After yesterday’s full day trip to the Argentinian side of the waterfalls, we had slow and long morning. Managed to take a bus at 10:30am. The bus company is called Crucero Del Norte, the bus runs on a schedule from terminal omnibus in Puerto Iguazu and the ticket they sell at the till outside is to Cataratas for 80 pesos return journey. The bus is more comfortable than the Rio Uruguay bus to Argentinian side. They have set return journey times and you can see them while you are buying the ticket at their till. Those times are in Argentinian time! There is one hour time difference between Argentina and Brasil.
When the bus stops at Argentinian border before the bridge joining Argentina and Brasil, you need to get off the bus and get an Argentinian exit stamp to your passport. As you go through the immigration, the yellow bus waits at the exit for all passengers to get back in. Then it continues to the other side of the bridge to Brasil border. Here the bus stops and the driver spoke something in Spanish. Half of the passengers left the bus, half stayed, did not understand, or didn’t need to leave the bus. We asked someone if they can translate to us. Luckily someone could help us. If you are not Brazilian, you need to get off the bus to get Brasil entry stamp. Otherwise you wouldn’t be able to get back to Argentina. So make sure you get the stamp to your passport. At the immigration only asked if I’m going to see the cataratas. Then you get back on the bus and continue the journey to the waterfalls.

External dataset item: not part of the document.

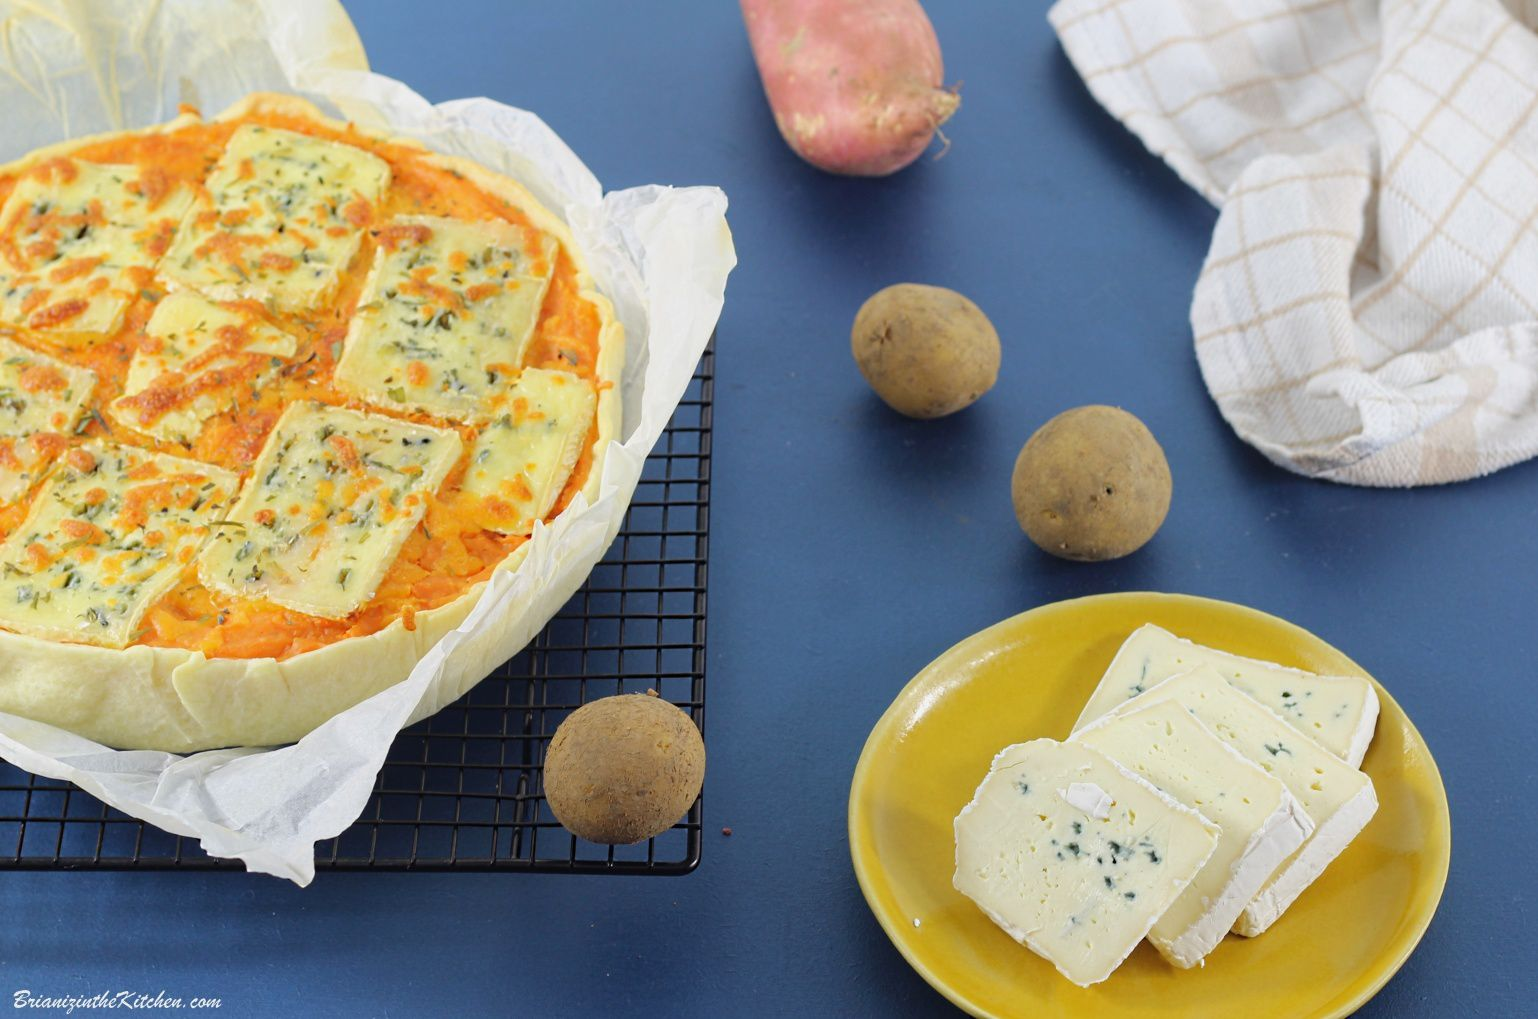 Tart'Hachis Patates Douces et Bleu

At the main entrance to iguazu park, you immediately see the difference to the Argentinian side. Much cleaner, a lot of employees to help you, good signs in English, automated kiosks to get the tickets and pay using payment card. Note that at the Argentinian side you can pay only in cash in pesos! Here at the Brazilian side pesos, reals, dollars, payment cards. The automated kiosk is excellent, English, easy, all types of payment card and there are no queues.
With the ticket, you get through the entry gate and get on a free tourist bus to get you to the trail. First two stops are for paid experiences, the third one is start of the trail. The trail is not long. The whole thing took us only maybe three hours including entry end exit. We caught rain for about 30 minutes around the busiest area at the devils throat ramp. Used a lift to another viewing platform and had small packed lunch, we prepared in our hotel, at food court. Here they don’t allow coati to get to people. In the Argentinian side they don’t care.
Back at the entrance we waited for our bus at the same place they dropped us off. I think the bus was at 14:50. Again, don’t forget to get exit Brazilian stamp and entry Argentinian stamp to your passport.
Back in Puerto Iguazu the usual thing - supermarket (280 pesos). And this evening also dinner in restaurant called Peruano. Paid 450 pesos, good value for what we got.